Borri filled a pot from one of the skins and showed Marghe how to settle it securely on the fire. “Aoife doesn’t mean to be cruel,” she said suddenly. “You mustn’t let her treat you as badly as she sometimes treats herself.”

Marghe was not quite sure how to respond to that. She wanted to grab this woman’s hand and shout,
I don’t belong here, on this world
! Instead, she asked,

“Where’s Aoife?”

“With the Levarch.”

Marghe wondered if it was anything to do with her. “Does she go there often?”

Borri nodded. “She’s Agelast.” Marghe looked blank. “Agelast. The next Levarch.”

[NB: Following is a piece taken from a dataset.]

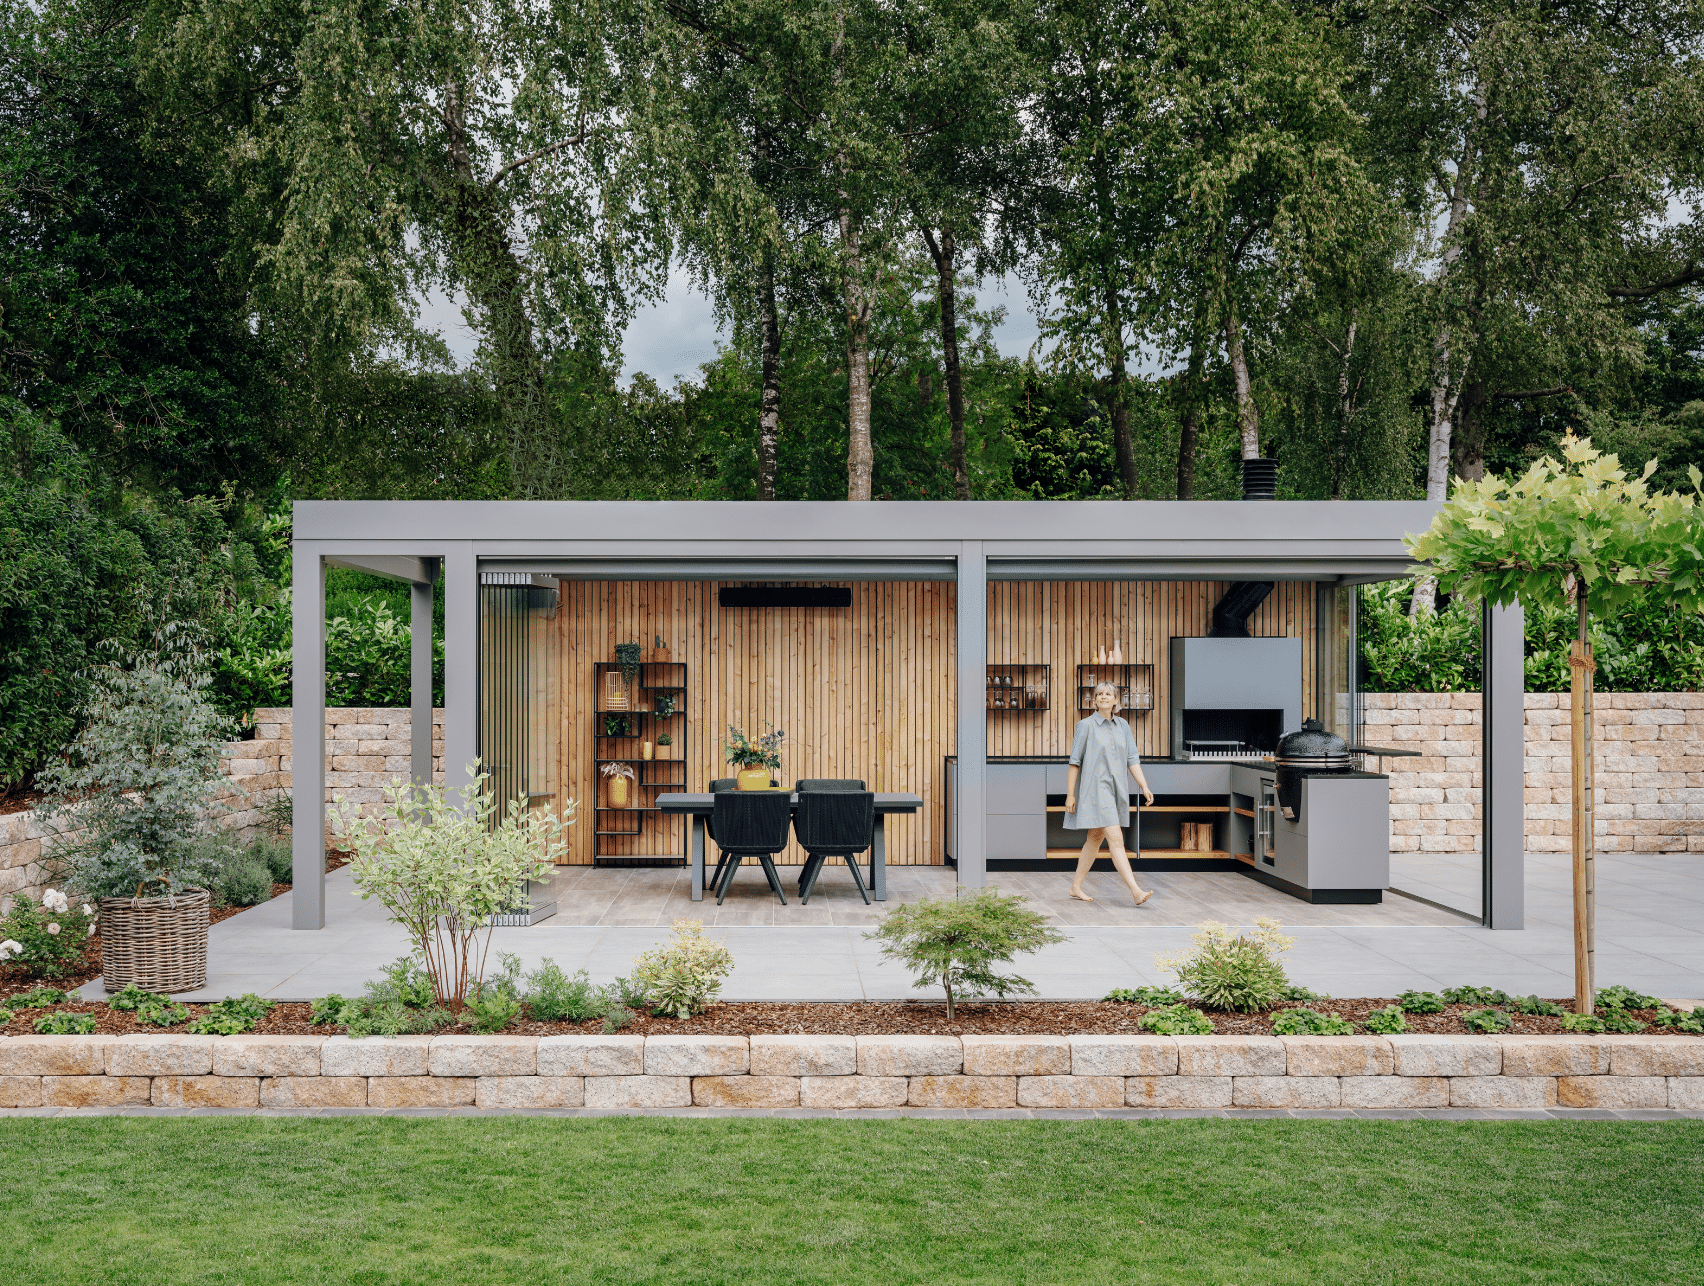 Solarlux zeigt einen Garten mit kleiner Ziegelmauer und überdachter Terrasse mit Holzverkleidung an der Rückwand und Verglasung, mit einer Outdoorküche und gemütlicher Sitzgruppe.

Marghe searched her memory for the word. Agelast: one who does not laugh.

Marghe stood in her stirrups to scan the taar herd. In the distance, Fion lifted her palo stick and flicked it to full length, slicing the air horizontally in a question; Marghe raised her hand in an
all’s well
gesture. Overhead, clouds raced by in tatters and streamers, and for the first time since Holme Valley Marghe caught glimpses of hard, deep blue sky. A pensel sky, Borri called it, after the pensels the riders wore fluttering from their spears during bollo games in the spring. Sunlight glittered on the snow that had fallen fresh the day before. Here and there, piles of taar droppings glistened, dark and smooth against the white.

It was her fourth day at the winter camp, her second riding with the herd. While she rode, Fion always kept her in sight. Aoife had told her that the younger tribeswoman was not as good with the sling as she: if Marghe tried to escape, Fion would go for a chest shot, perhaps breaking ribs, or worse.

Marghe was careful not to make any sudden moves. In time, she reasoned, Aoife and the others would relax, just a little. A little was all she needed. Whenever she could, she replenished her saddle bag with food. When the opportunity came, she would be ready. Until then, she would be patient and win their trust.